-- Exercise prompt --
Your answer should hold only the lines from the one containing "XT-6 Expanse Leather 'Vanilla Ice' Sneakers" through the last line below, copied exactly; pictures stay out.

-- Given material --
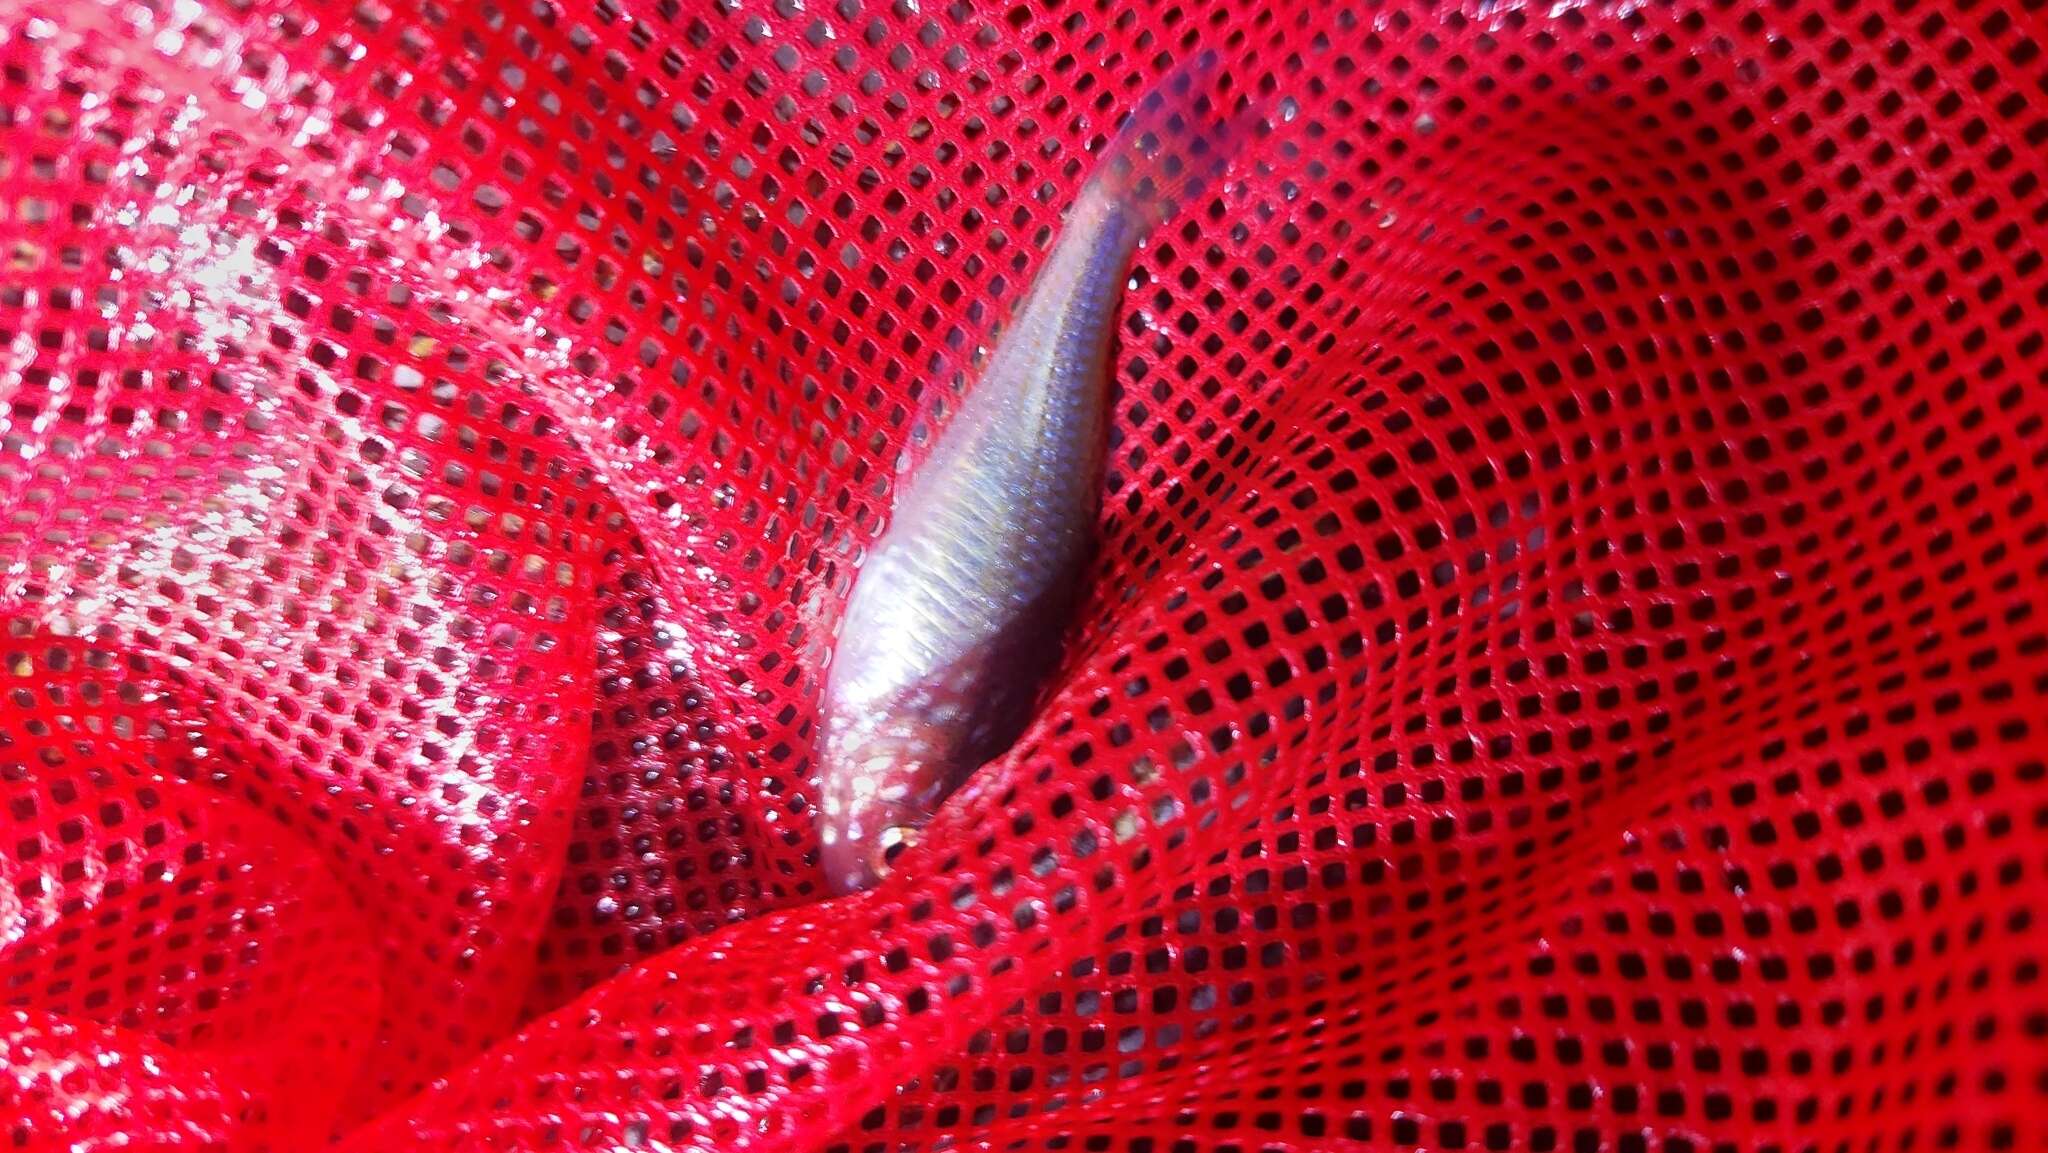 Image of Crimson-spotted rainbowfish
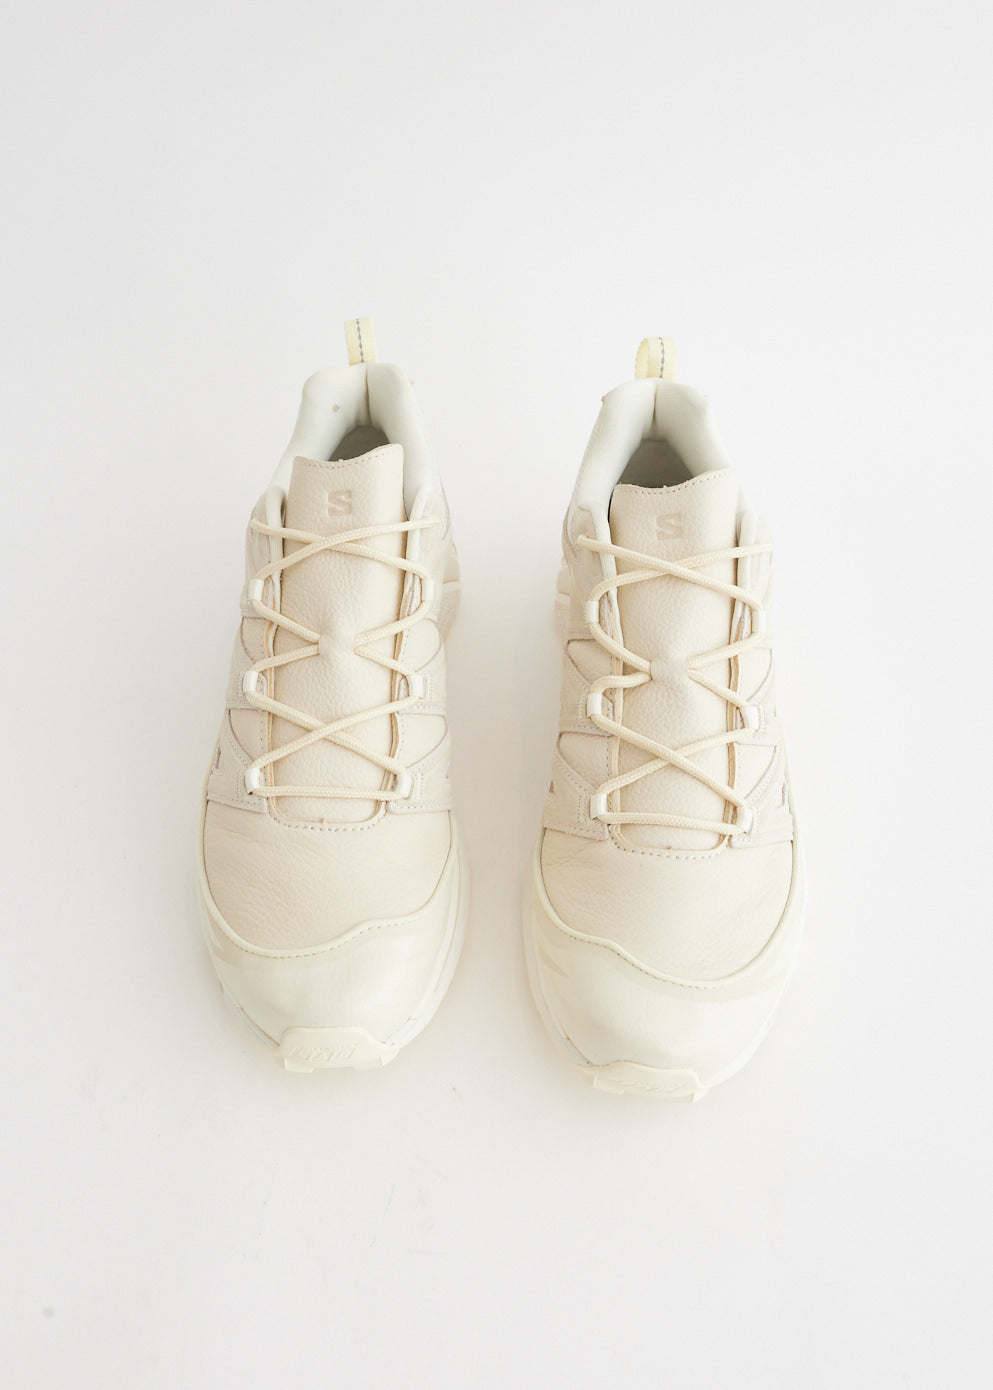 XT-6 Expanse Leather 'Vanilla Ice' Sneakers
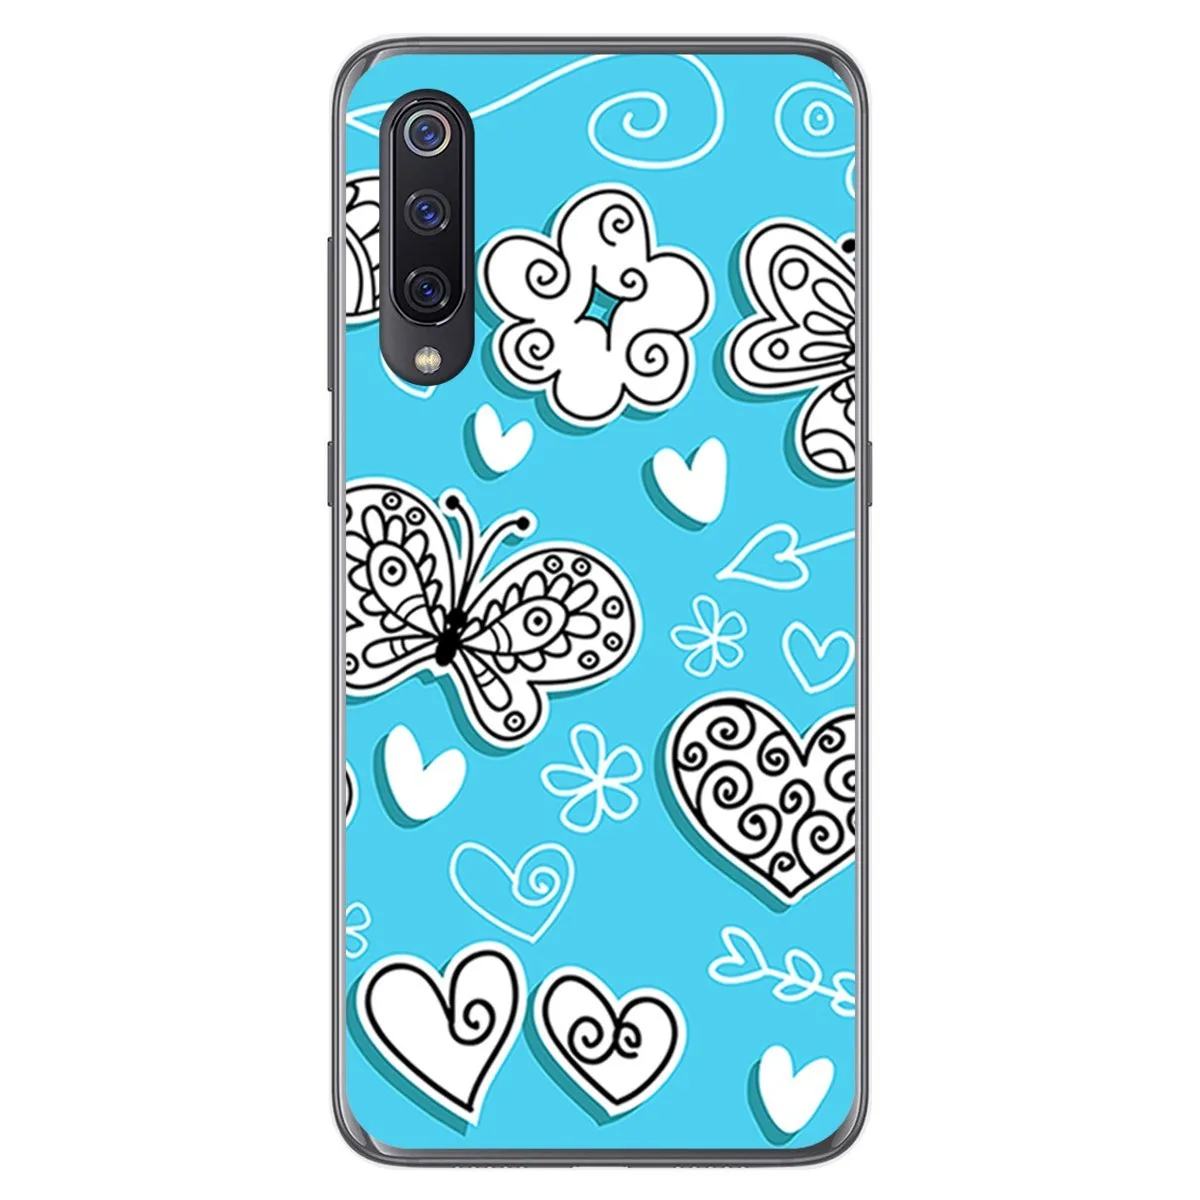 Funda Gel Tpu para Xiaomi Mi 9 diseño Mariposas Dibujos

-- Task answer --
 XT-6 Expanse Leather 'Vanilla Ice' Sneakers
 Funda Gel Tpu para Xiaomi Mi 9 diseño Mariposas Dibujos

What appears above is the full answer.